As current maintainer of DroneBL I happen to receive a lot of unwanted
packets in the form of DDoS attacks, now the DDoS itself is not the real
problem, dealing with it the fast way is.

Now most of you would think: Just filter it, put a big firewall in front
of it, bla bla bla bla. But what I'm really talking about is the
ignorance most providers show when it comes to handling the abuse when
it gets reported.
The issue in there being, it's way too slow, and my hoster needs to
temporary nullroute my ip range in order to protect his network.
We both mail all the involved providers and sometimes need to wait days
before hostings act upon the mail.

In most cases the only thing the abuse@ contacts do as hoster, is relay
the mail to the client but do not dare to do anything themself, even if
you provide them with a shitload of logs, even if you call them and say
that the attack from their source is still continueing, they refuse to
look into it and shutdown the source. And that pisses me off badly.

Why o why are isp's and hosters so ignorant in dealing with such issues
and act like they do not care?

Kind regards,
Alexander Maassen
Maintainer DroneBL

they don't act like they do not care. they really *don't* care. no acting.
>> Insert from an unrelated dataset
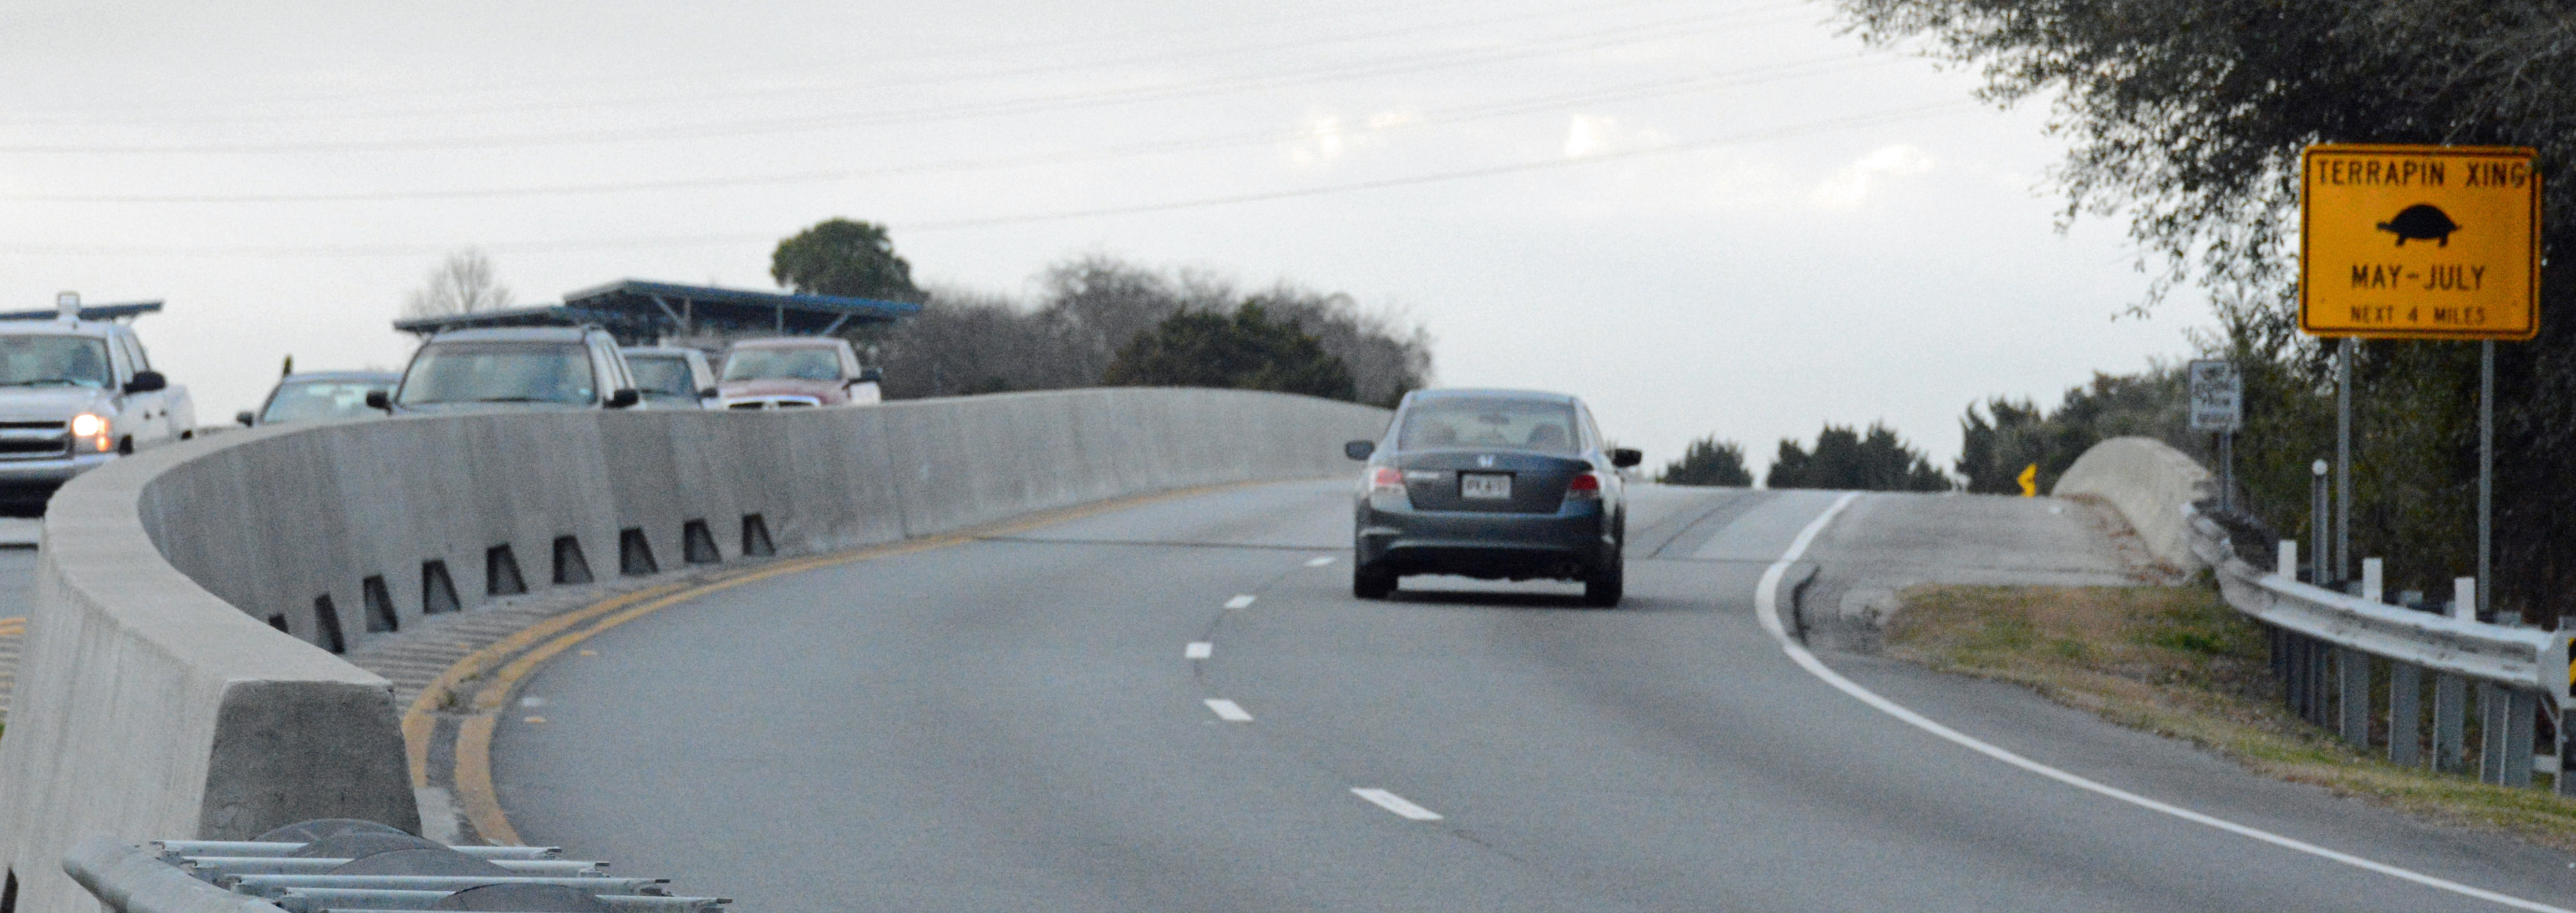 File:Terrapin Crossing, FJ Torras Causeway, St. Simons, Georgia.

1) you're not a direct customer, why should they do anything? by doing nothing it cost them nothing.
2) why should they do anything to shut down paying customers? shutting down abusive customers is shutting off revenue sources.
3) lifting a finger is too much like work. it costs the money and gains them nothing.

the only way to correct this behavior is to make it more expensive for
providers to retain abusive customers than it is to keep them.

> Why o why are isp's and hosters so ignorant in dealing with such issues
> and act like they do not care?

they don't act like they do not care. they really *don't* care. no acting.

Well now, I'd say this varies considerably. There are definitely ISPs
that care and *do* work hard at reducing abuse. But even so - assuming
I'm an ISP that cares,

- You're presenting me with evidence of abuse. OK, I don't know you.
Why should I believe your evidence? At best I'm going to take it as a
*hint*.
- If I take your evidence as a hint, I'm going to want to correlate it
with my own logs. This takes time.
- I probably have customer contracts in place that specify under what
circumstances I can actually take the customer off net. My tolerance
of abuse may not be the same as your. Also, "due process" means that
these things take time.

Steinar Haug, Nethelp consulting, sthaug@nethelp.no

well, they should care. if a customer is compromised and ddosing, it
costs the provider money (additional traffic being pushed bringing your
95% closer to your commit levels or possibly causing an overage to be
incurred.)

by doing nothing it may wind up costing them something - even if they
can make the money back by passing the overage onto the customer, there
is a high likelyhood that the customer will just jump ship and not pay
the invoice and go elsewhere.

william

* Alexander Maassen:

In most cases the only thing the abuse@ contacts do as hoster, is relay
the mail to the client but do not dare to do anything themself, even if
you provide them with a shitload of logs, even if you call them and say
that the attack from their source is still continueing, they refuse to
look into it and shutdown the source. And that pisses me off badly.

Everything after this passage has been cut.